Some questions under today's lunar eclipse

"A total lunar eclipse occurs when the moon and the sun are on exact opposite sides of Earth. Although the moon is in Earth's shadow, some sunlight reaches the moon. The sunlight passes through Earth's atmosphere, which causes Earth’s atmosphere to filter out most of the blue light. This makes the moon appear red to people on Earth." https://www.nasa.gov/audience/forstudents/5-8/features/nasa-knows/what-is-an-eclipse-58

Today the earth will shade the full Aquarian moon for several hours, and these are some of the questions I've been pondering:

Thinking of eclipses in terms of entrances or exits, what is it I might want in my life that I've never had, or what might I be ready to end ?

We all filter the light we receive from others. How does my particular filter work? Does it protect me enough from what might overpower me? Does it protect me too much from the light and positive input of others? How comfortable am I with attention -- both giving and receiving?

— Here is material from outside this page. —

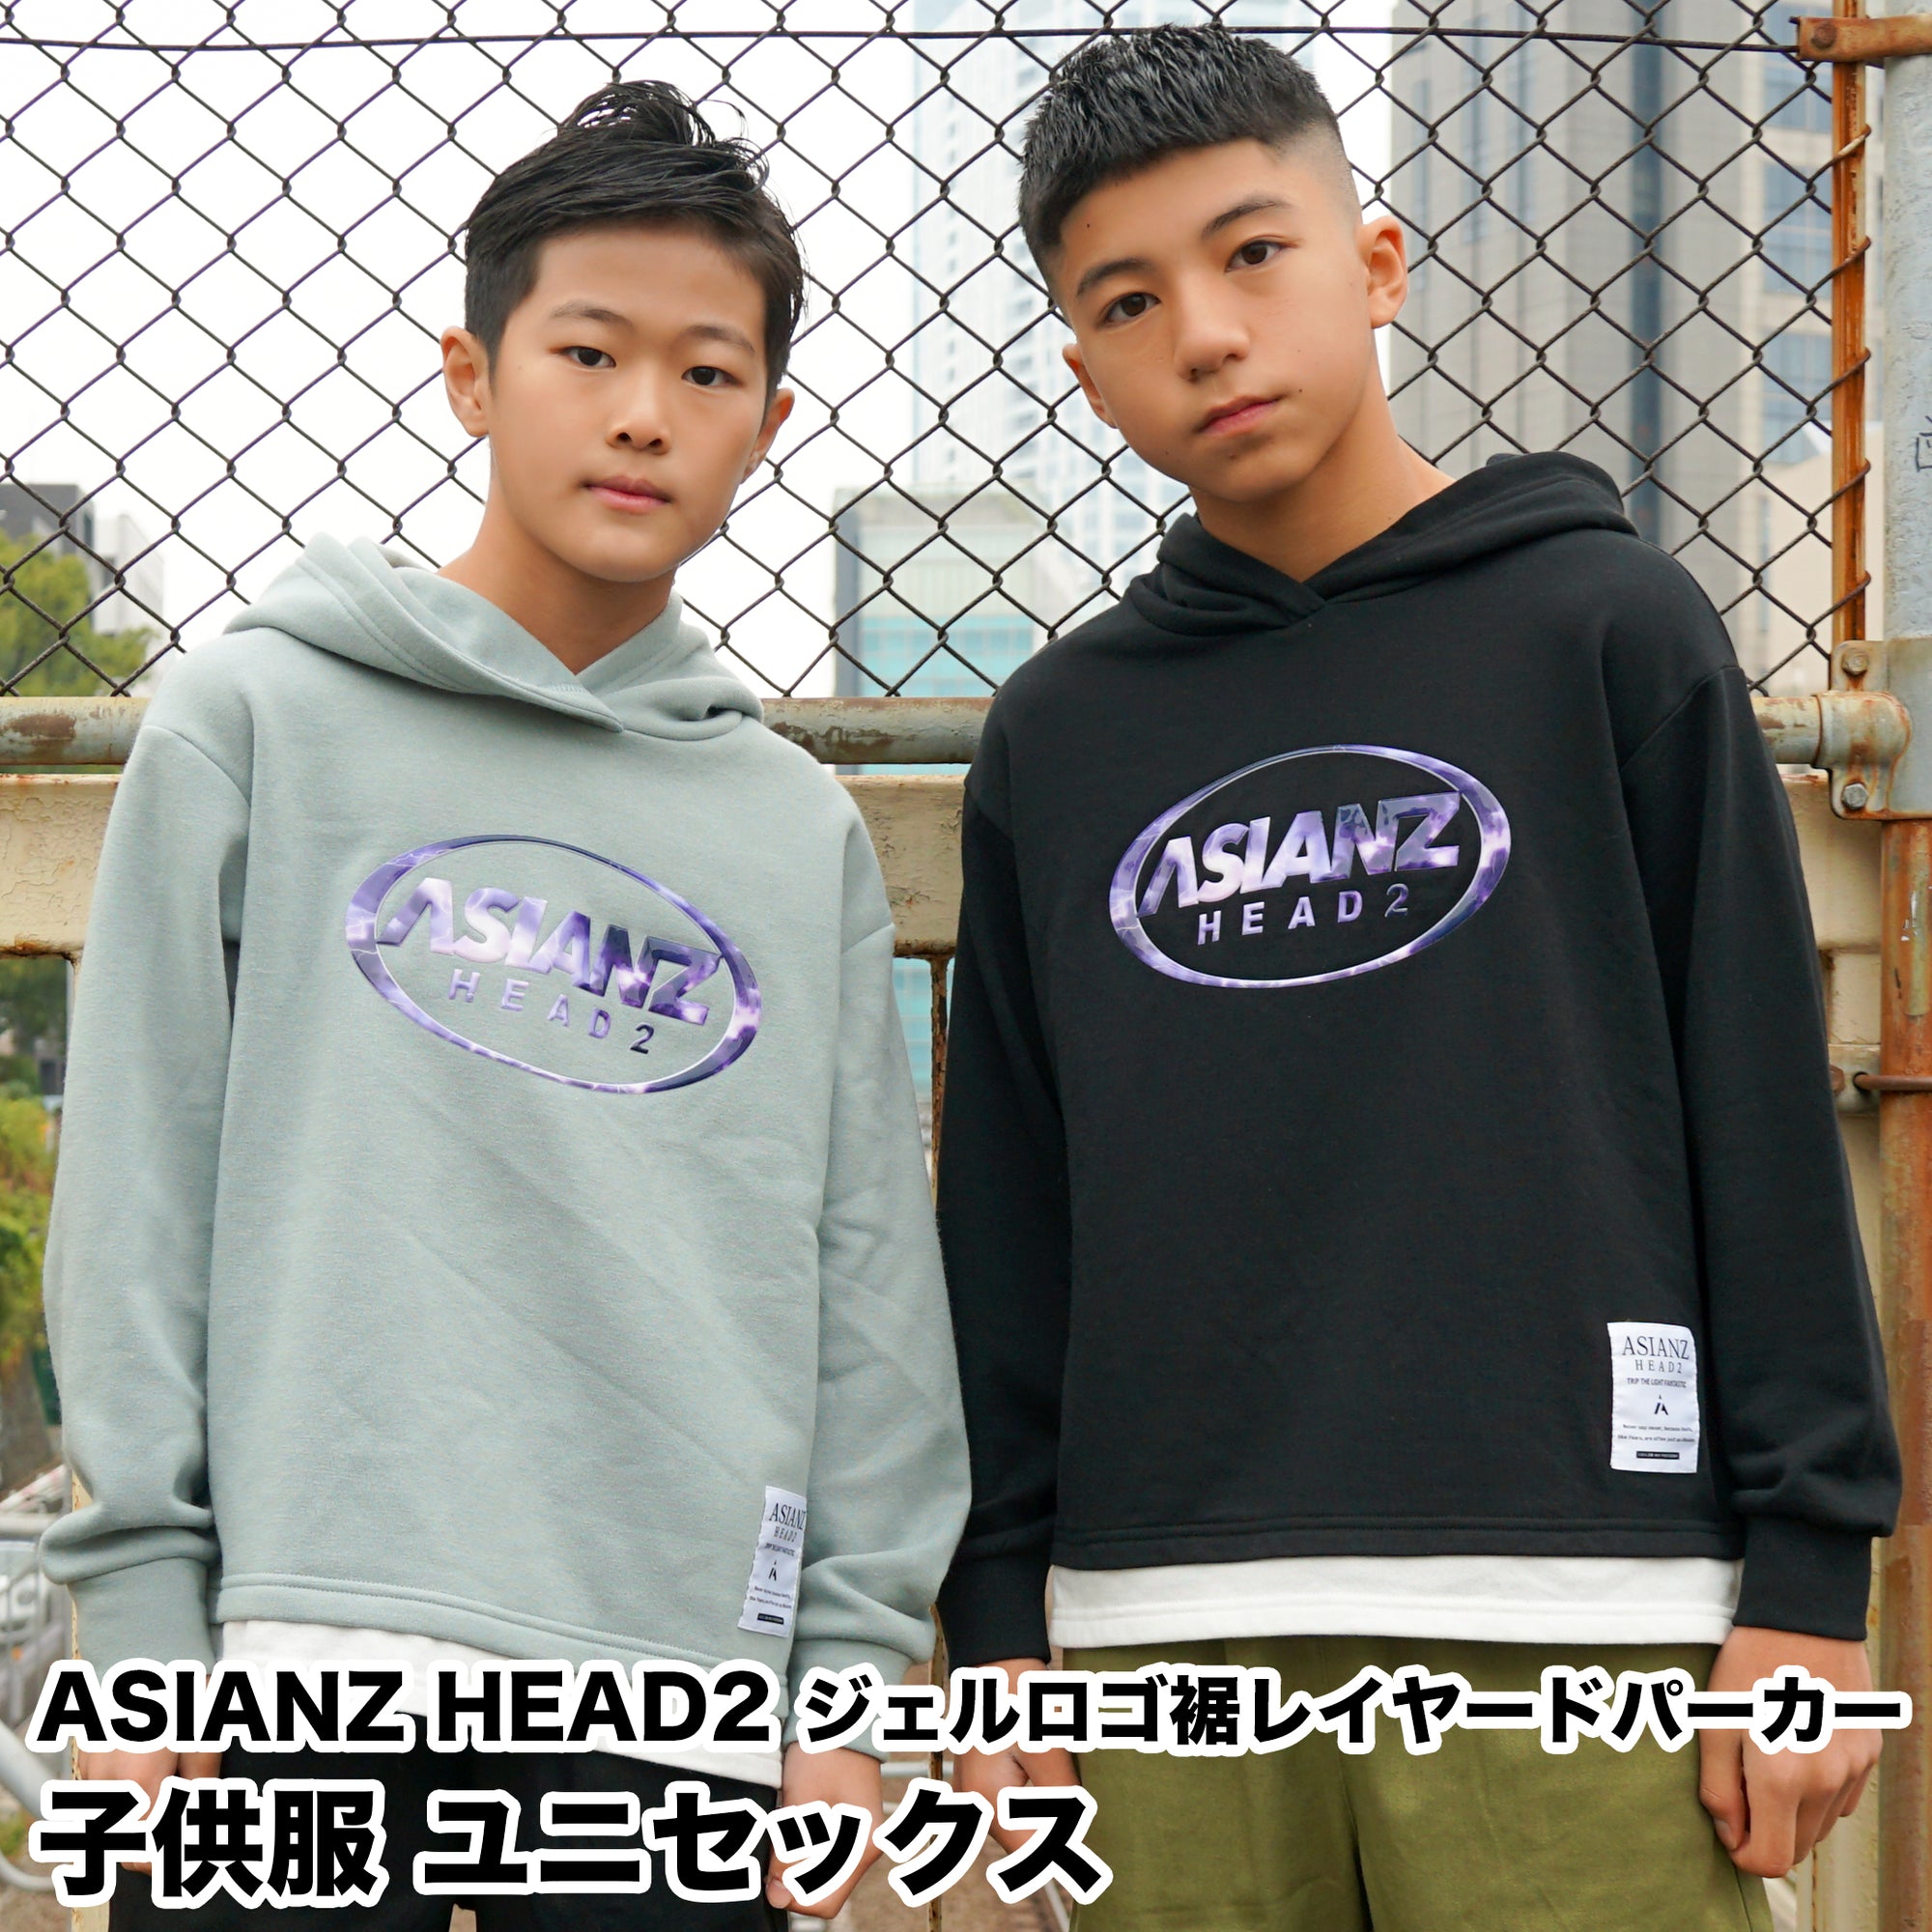 (40%オフ! セール商品)ASIANZ HEAD2 ジェルロゴ裾レイヤードパーカー キッズウェアー

Has earth energy -- patience, stability, practicality, rootedness ever bolstered me against the extremes of fire and air -- impatience and worry ? In what's truly important to me, do I have both roots and flowers? Has any attachment to earth qualities kept me back from really owning and expressing my passion and individuality, or stopped me from taking a risk? What are my usual responses to conflict or crisis?

Every full moon is a chance to become aware of the projections in our lives -- to see and heal our relationship to Other, to pull back some of the projection and see ourselves in everything. This lunar eclipse amplifies the opportunity. Who really impresses me? Who really stands out to me as a genius or a star? I'm closer to them than I think. That also goes for the other side: The people who rub me the wrong way or offend me. We're made of the same stuff, too. How can releasing some of those projections bring me closer to love, power, and right action? Where do I need defenses, and where do I just need boundaries? And when and with whom can I just be comfy and fluid, creative, and whole?

Happy Full Moon and Eclipse. Happy ruminations and happy revelations.